Almost all “computers” these days use binary logic. However, the meaning of “computer” post-WW II has come to mean a computing device with persistent storage and stored programs, rather than just a simple computing engine like a calculator.
A few examples of the exceptions are:
- There might be a few odd-ball trinary (or more) logic systems in labs.
- There are a few analog computing systems are in use.
- An example of a future high performance computing system not using binary logic might be the D-Wave quantum annealing systems.
Machine language is not an universal language but rather a strictly CPU-related language – the language the CPU understands.
You can design a CPU that has 42 states instead of 2 states for the smallest element of memory.

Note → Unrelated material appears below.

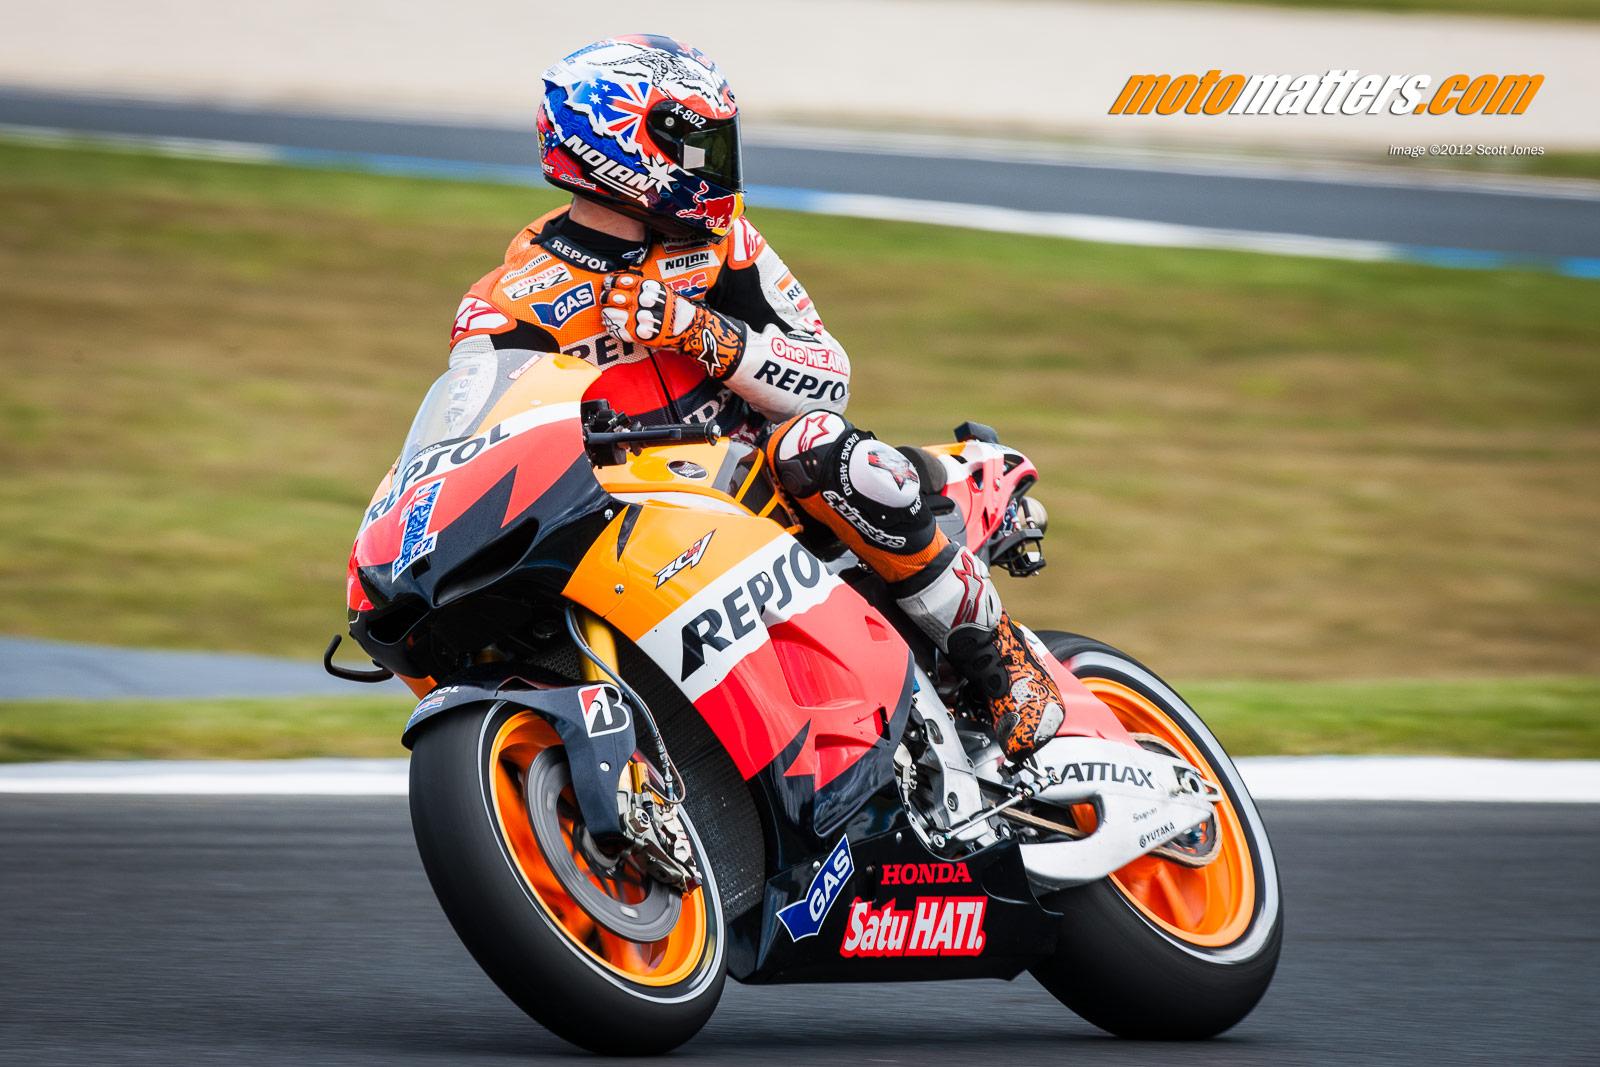 [GP] Phillip Island, 28 octobre 2012 2012-MotoGP-17-Phillip-Island-O

The problem is that you cannot come with a good enough implementation for such a CPU. Actually, some of the first computers (including ENIAC) were decimal computers that implicitly used a decimal machine language.
The fact that it’s decimal or binary or other value depends on the number of states the smallest element of memory (a bit) can take; 2 was not chosen for CPU design purposes but rather limited by electronic implementation: a transistor operates much better and faster with only 2 levels of voltage instead of 10 (or any other natural number larger than 2).